Players can’t place all blame on team reps






Glen Davis justifiably wants a deal, but he's also uninformed and there's no excuse for him not contacting his team rep. (AP)
Should the players’ union and the team representatives in attendance at Monday’s meeting have put the owners’ proposal up for a vote of all 440 or so members? Had they done so, and had a majority of those members voted to accept it, the league’s doors would have opened today.
And some players certainly would have voted “yes.” Samardo Samuels, set to enter his second season with the Cavaliers, told the Akron Beacon Journal on Tuesday about the push by Paul Pierce and others to dissolve the union and sue the league:
“It’s easy for Paul Pierce to say that. You’ve been in the league how long?” Samuels said. “You’ve got a decent amount of money saved up, but what about the guys just coming into the league who don’t have [anything] saved up?”
Houston’s Kevin Martin told SI.com’s Sam Amick last week that he’d take the deal on the table. The Lakers’ Steve Blake reportedly lobbied other players to accept it. And several others — Derrick Favors, Earl Watson, Jeff Green, DeMarcus Cousins and Jeremy Evans — have indicated that they’re either not paying attention, not talking to their agents and/or just want to play as soon as possible.
That’s their prerogative, of course. No one can force them into paying attention. But even Kevin Durant, a superstar who is well-informed and has attended meetings, told Yahoo! Sports’ Marc Spears over the weekend that he was still pretty unfamiliar with what, exactly, decertifying the union would entail:
“I talked to my agent [Aaron Goodwin] about it,” Durant said. “I heard it’s not a good idea to do that. But I got to look into it a little bit more.”
Glen Davis, set to enter free agency, takes the cake with this angry interview in the Boston Herald after Monday’s developments. Davis wants a deal, and he’s justifiably upset with the prideful chest-puffing from both sides. But he is also, by his own admission, uninformed:
“I don’t think I’ve been kept in the loop as far as what’s going on and how things are going on,” he said. “I want to be kept in the loop, but when I say that, they say, well, come to the meetings.
“It’s not just Paul [Pierce] making that decision. It’s also Derek (Fisher) and Billy Hunter. I talk to players, but my friends are guys like Paul and (Kevin Garnett) – guys who are in a different stage of their careers from me.
“I don’t talk to a lot of the guys who are more in my stage, like Carl Landry and DeJuan Blair.”
The first part of that quote – about coming to meetings — should take its place in the Lockout Quote Pantheon. “They say, well, come to meetings.” And? Did you go? Did you find out where and when the regional meetings were? Did you call your union representative (Pierce) to get that information? Heck, did you read guys like Ken Berger of CBS Sports, sharp minds who published just about every nuance of these talks along the way?

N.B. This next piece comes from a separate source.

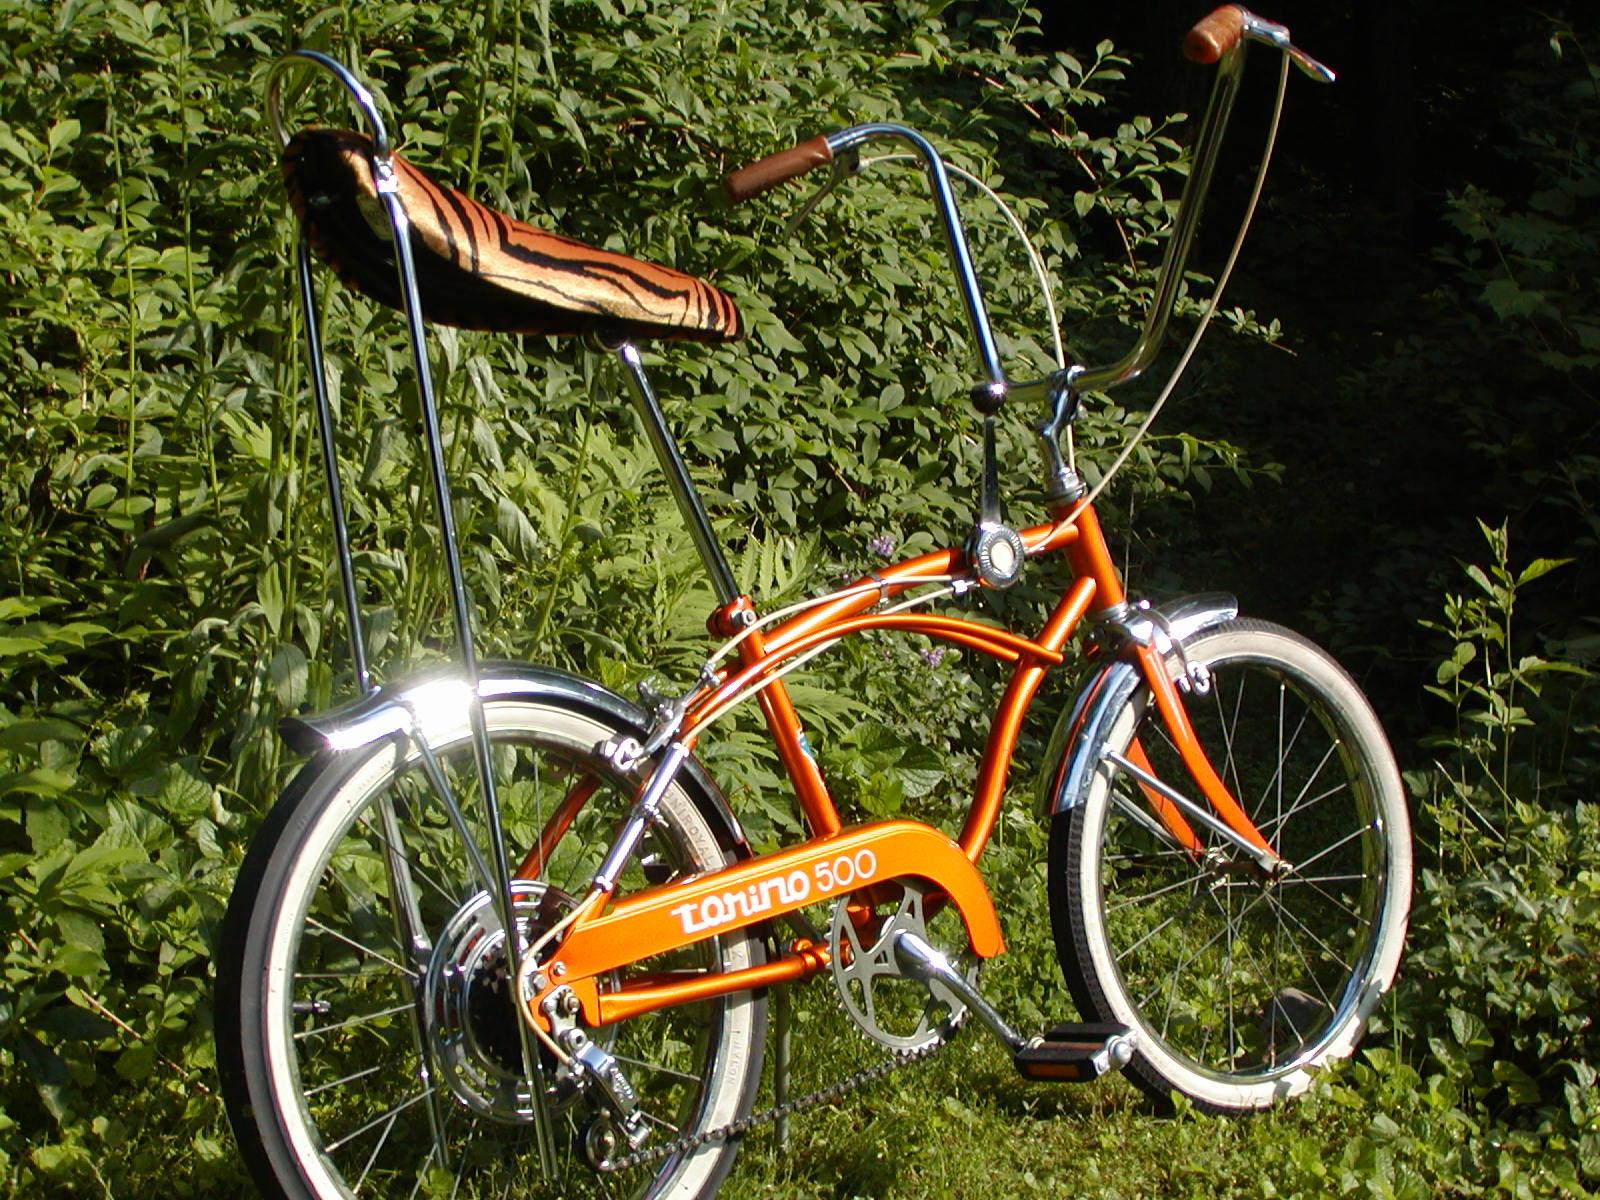 Craigslist Cookeville Tn >> Nashville Bicycles Craigslist | 2017, 2018, 2019 Ford Price, Release Date, Reviews

And why didn’t you contact Landry or Blair or any other young player trying to cement his place in the league? They aren’t hard to find.
The dysfunction goes the other way, too, as Amick points out today:
Many reps weren’t calling their teammates, weren’t taking the time to understand the nuances of the $2 billion they still had an opportunity to have. Even on Monday, the most significant day of negotiations since this lockout began, there were no representatives from Portland, Utah or Sacramento in attendance.
There is just no excuse for any union rep not to have at least tried to contact every one of his players multiple times leading to Monday’s meeting. Maybe you fail to reach one or two, but leave a half-dozen voice mails, texts and emails before you give up.
Still, I’d rather have those union reps deciding my fate than players who have willfully ignored the entire lockout. Let’s be clear: That is a minority of players. Most have paid at least some attention to what is happening, and anyone who thinks professional athletes don’t get this stuff hasn’t had a conversation with the guys who attend these meetings.
But I’d rather have the smaller group on hand Monday making a decision than give that minority a chance to influence a yes or no vote on a deal that will affect every player’s life for up to a decade — and set the baseline for the next set of talks. As Eric Freeman points out at Yahoo! Sports, this is exactly what unions are designed to do, and what union representatives are elected to do: make informed decisions on behalf of members who didn’t attend the meetings or go through the negotiating process.
You can take issue with lots of things the union did and didn’t do here — its obvious communication problems, its decision to hold off decertifying or disclaiming interest until mid-November, and lots of other stuff. But the “should they have voted?” question is, to me, a non-issue brought up by players who are willfully out of the loop and fans who want a deal at any cost.